A common species of moss (Ceratodon purpureus) that lives in weedy and forested habitats has been found to use an unusual strategy to reproduce: it produces a chemical scent to recruit tiny arthropods like mites and springtails to transport sperm from male to female mosses. The process, somewhat like flowers being pollinated by bees, seems to work best in moist and rainy environments.

“Most mosses have plants of separate sexes, and it was assumed that the sperm would swim from male to female,” explained Sarah Eppley, a researcher at Portland State University in Oregon and the lead author on a study published last summer in the journal Nature. “But because the plants can be meters away, we were pretty sure that they couldn’t swim the whole way. Rainwater can probably wash it from one plant to another, but there must be some other mechanism because the sperm don’t have the ability to swim very far.”

In an initial laboratory study, Eppley found that sexual reproduction could occur by adding only rainwater to the moss or by adding only springtails, but fertilization occurred at twice the rate when both were added to the moss. “There appeared to be a synergistic effect,” Eppley said. “Rainwater plus arthropods gives twice as much sexual reproduction.”

The springtails, sometimes called snow fleas, live on the forest floor and consume rotting tree litter and fungi. Eppley said that in the Pacific Northwest, where her study was conducted, there are about 300,000 springtails per square meter of forest.

Using a highly sensitive olfactory meter, Eppley then found that the cue that was attracting the arthropods to the mosses was a chemical scent produced almost exclusively by female mosses. By placing male and female mosses in separate chambers in which the arthropods could smell but not see or touch them, the springtails were primarily attracted to the chambers holding female mosses.

“There is something about the females’ scent that the springtails really like,” Eppley said. “We believe that the sperm get released by the male and move all around the moss by swimming in the water film.”

But how does that sperm make its way to female mosses?

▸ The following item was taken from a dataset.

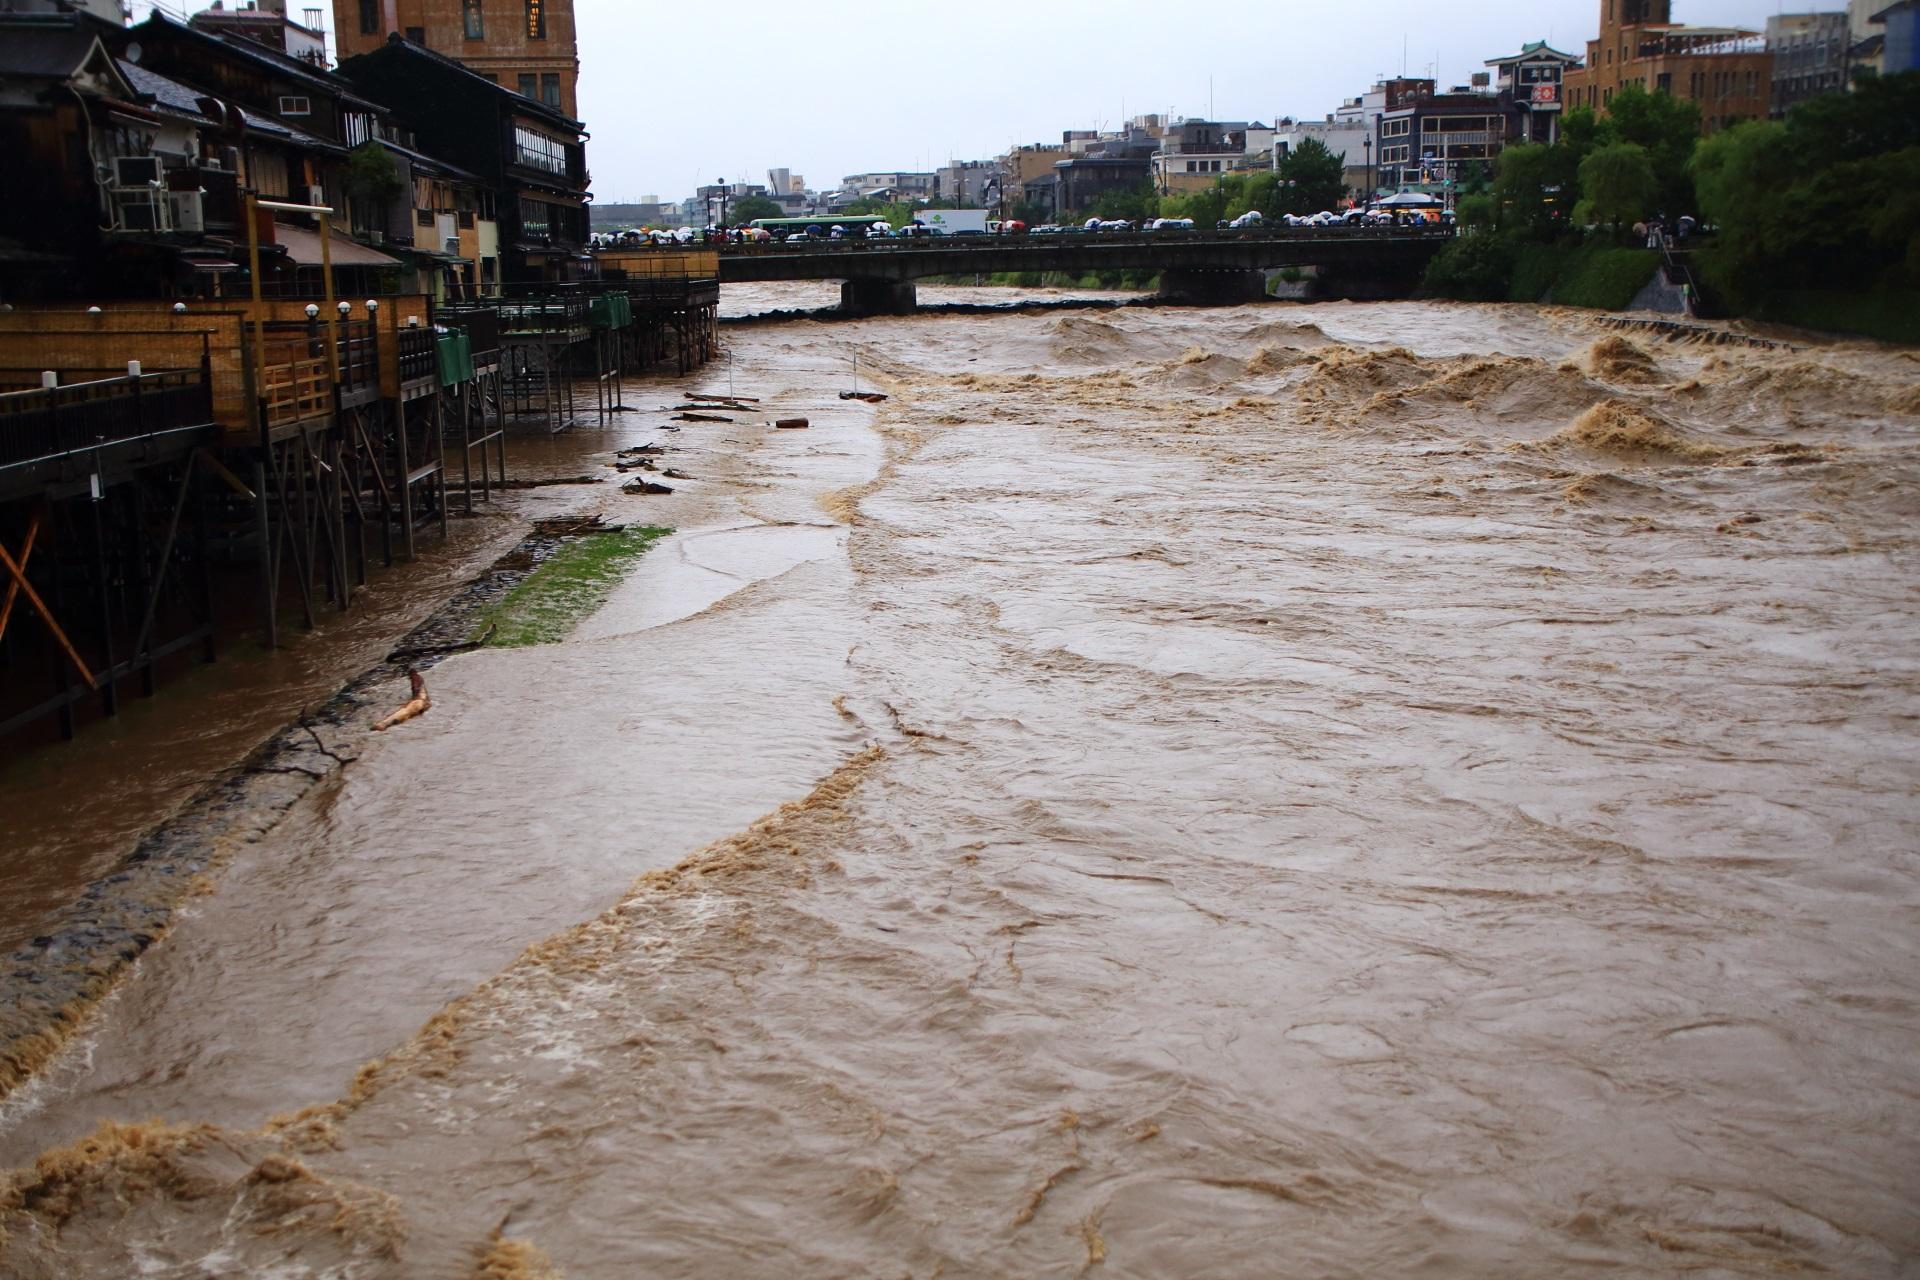 濁流に浸かるみそそぎ川と鴨川の間の河川敷

“Our idea is that the arthropods dip their legs in the sperm and carry it with them, and the scent [of female mosses] draws them to those female reproductive structures.”

What the springtails get from this relationship is uncertain. Perhaps there are sugars produced by the moss reproductive structures that it can feed upon. Or maybe the moss scent also recruits fungus that the springtails eat.

Eppley and her research team plan to continue this research to learn at what stage of development the mosses produce the scent and to examine other moss species to see how broadly this strategy is employed.